Multidrug resistance to HIV-1 protease inhibition requires cooperative coupling between distal mutations.

Hiroyasu Ohtaka1, Arne Schön, Ernesto Freire.   

Abstract

The appearance of viral strains that are resistant to protease inhibitors is one of the most serious problems in the chemotherapy of HIV-1/AIDS. The most pervasive drug-resistant mutants are those that affect all inhibitors in clinical use. In this paper, we have characterized a multiple-drug-resistant mutant of the HIV-1 protease that affects indinavir, nelfinavir, saquinavir, ritonavir, amprenavir, and lopinavir. This mutant (MDR-HM) contains six amino acid mutations (L10I/M46I/I54V/V82A/I84V/L90M) located within and outside the active site of the enzyme. Microcalorimetric and enzyme kinetic measurements indicate that this mutant lowers the affinity of all inhibitors by 2-3 orders of magnitude.
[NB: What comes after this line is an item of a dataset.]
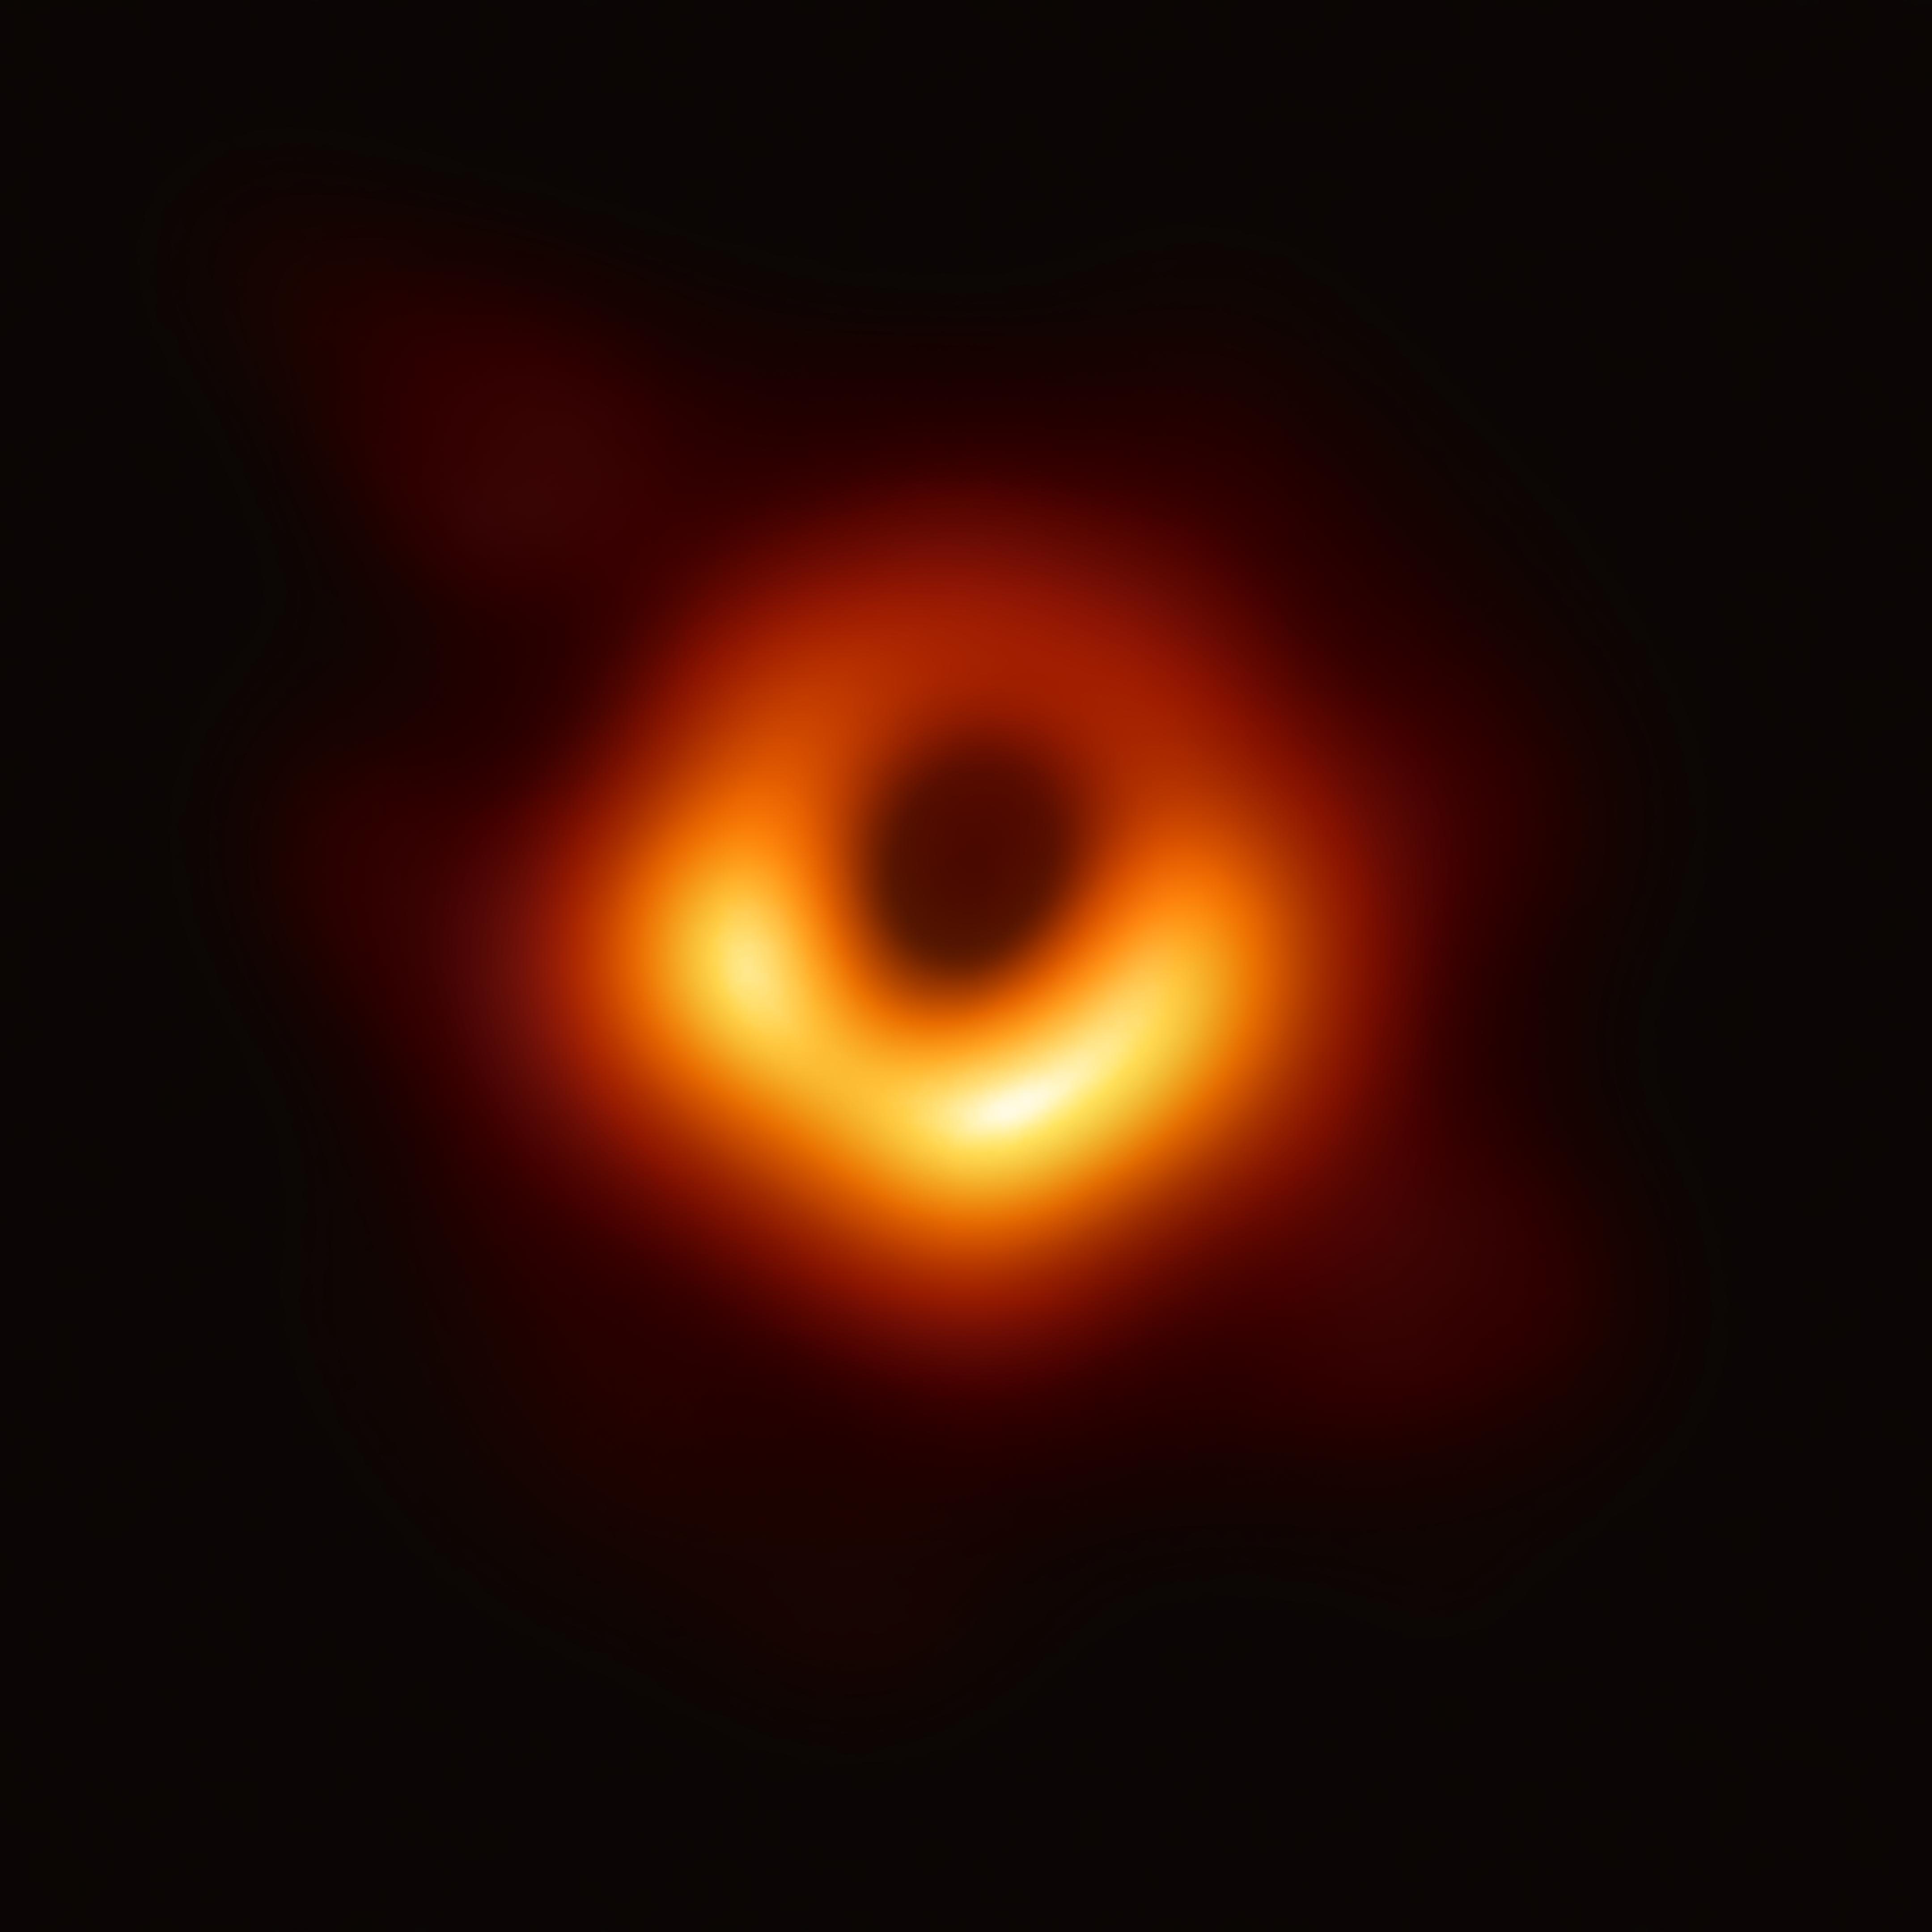 Black_hole_-_Messier_87_crop_max_res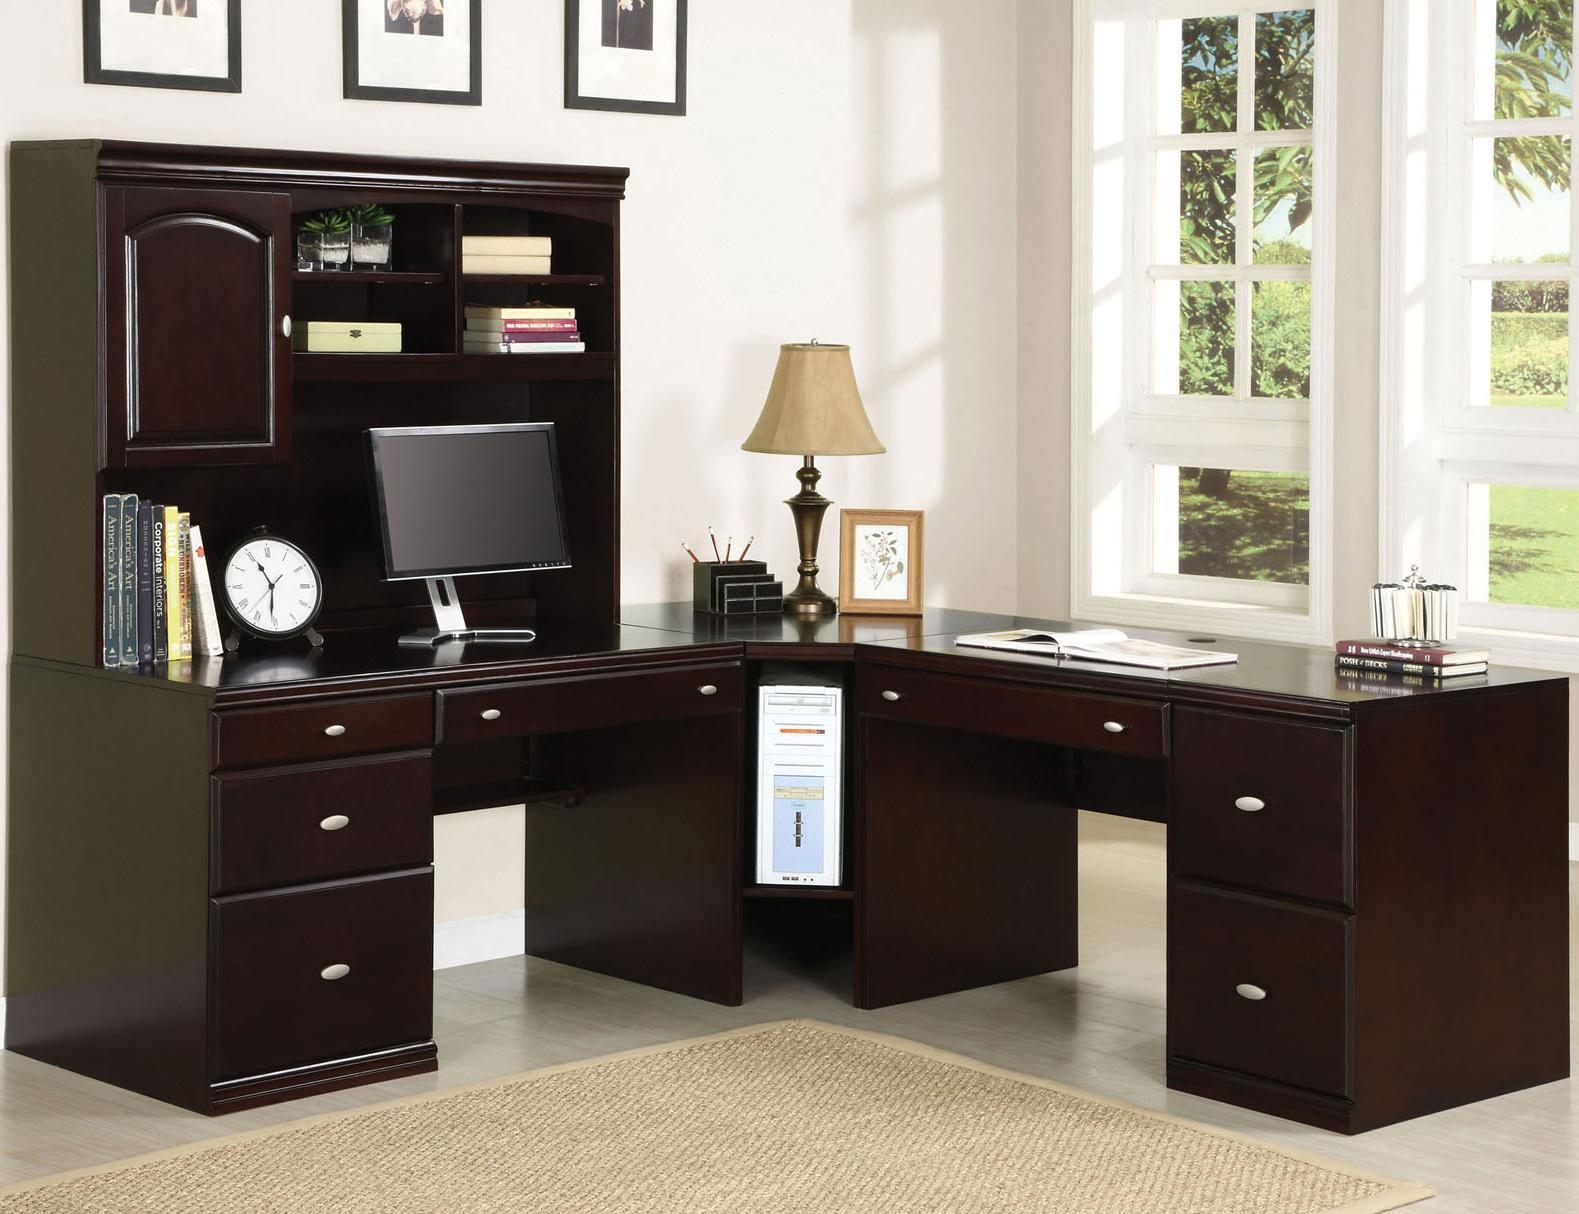 Nice Acme Furniture Cape Corner Desk W/ Hutch

By comparison, the multiiple-drug-resistant mutant only increased the K(m) of the substrate by a factor of 2, indicating that the substrate is able to adapt to the changes caused by the mutations and maintain its binding affinity. To understand the origin of resistance, three submutants containing mutations in specific regions were also studied, i.e., the active site (V82A/I84V), flap region (M46I/I54V), and dimerization region (L10I/L90M). None of these sets of mutations by themselves lowered the affinity of inhibitors by more than 1 order of magnitude, and additionally, the sum of the effects of each set of mutations did not add up to the overall effect, indicating the presence of cooperative effects. A mutant containing only the four active site mutations (V82A/I84V/M46I/I54V) only showed a small cooperative effect, suggesting that the mutations at the dimer interface (L10I/L90M) play a major role in eliciting a cooperative response. These studies demonstrate that cooperative interactions contribute an average of 1.2 +/- 0.7 kcal/mol to the overall resistance, most of the cooperative effect (0.8 +/- 0.7 kcal/mol) being mediated by the mutations at the dimerization interface. Not all inhibitors in clinical use are affected the same by long-range cooperative interactions between mutations. These interactions can amplify the effects of individual mutations by factors ranging between 2 and 40 depending on the inhibitor. Dissection of the energetics of drug resistance into enthalpic and entropic components provides a quantitative account of the inhibitor response and a set of thermodynamic guidelines for the design of inhibitors with a lower susceptibility to this type of mutations.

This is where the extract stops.